Mandy Taylor works right inside the `plywood glitter'.

"Names in neon. The Golden Orchid, the Paradise Room, Strip Au Go-Go. The world famous Pink Pussycat where Mandy Taylor, 40-22-35, the most famous tits in town, worked all night then after breakfast of a hamburger and Coke, walked upstairs to a room lit by the BMC Every Time sign".

"At the Hasty Tasty, where Mandy has sat with boygirl Carlotta an hour before and talked about silicone breasts and Shirley Bassey, men with concrete expressions and nowhere to go stared into the same cup of coffee for an hour, watching it go cold. They could be jazz musicians, coming down off a benzedrine high, playing mental drums to Ramsey Lewis' `The In Crowd' on the juke box. They could be escaped mental patients, tapping their toes to their own personal loony tunes. Who needs records when you have a juke box inside your head? No coins required.

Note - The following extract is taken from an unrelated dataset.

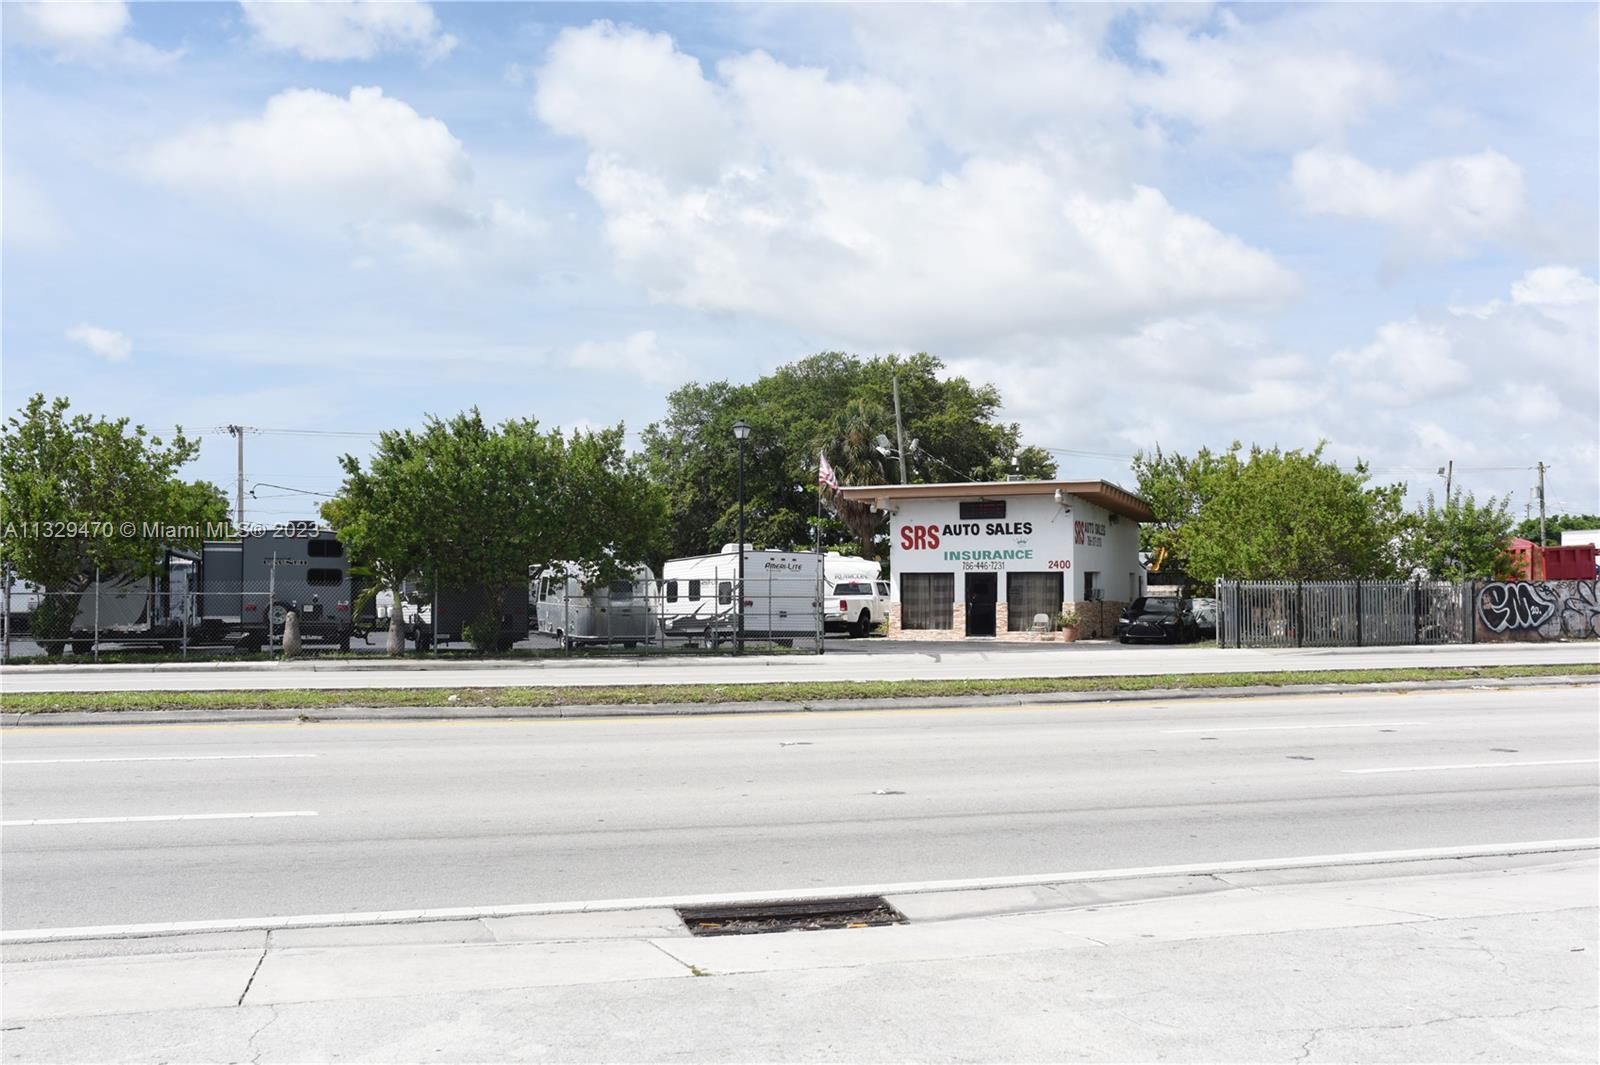 Photo of 2400 NW 79th St in Miami, FL

Kings fucking Cross, where the crazies come home to roost".

Mandy, who became famous for her breasts at the age of sixteen, is really the daughter of Chinese-Russian parents - she makes her living as a topless model and stripper.

Johnny wins every race he enters because he makes sure he is dead drunk when he gets into his car. He drives like someone who doesn't care if he lives or dies. His competition backs out.

Johnny ends up dying after slipping off a ladder on a harbour ferry where he is working. Mandy moves to America where she works in the self-improvement industry.

Although photographed together they don't remember meeting.

1965 was that sort of year at the Cross - the `el cheapo glitter' went to everyone's head.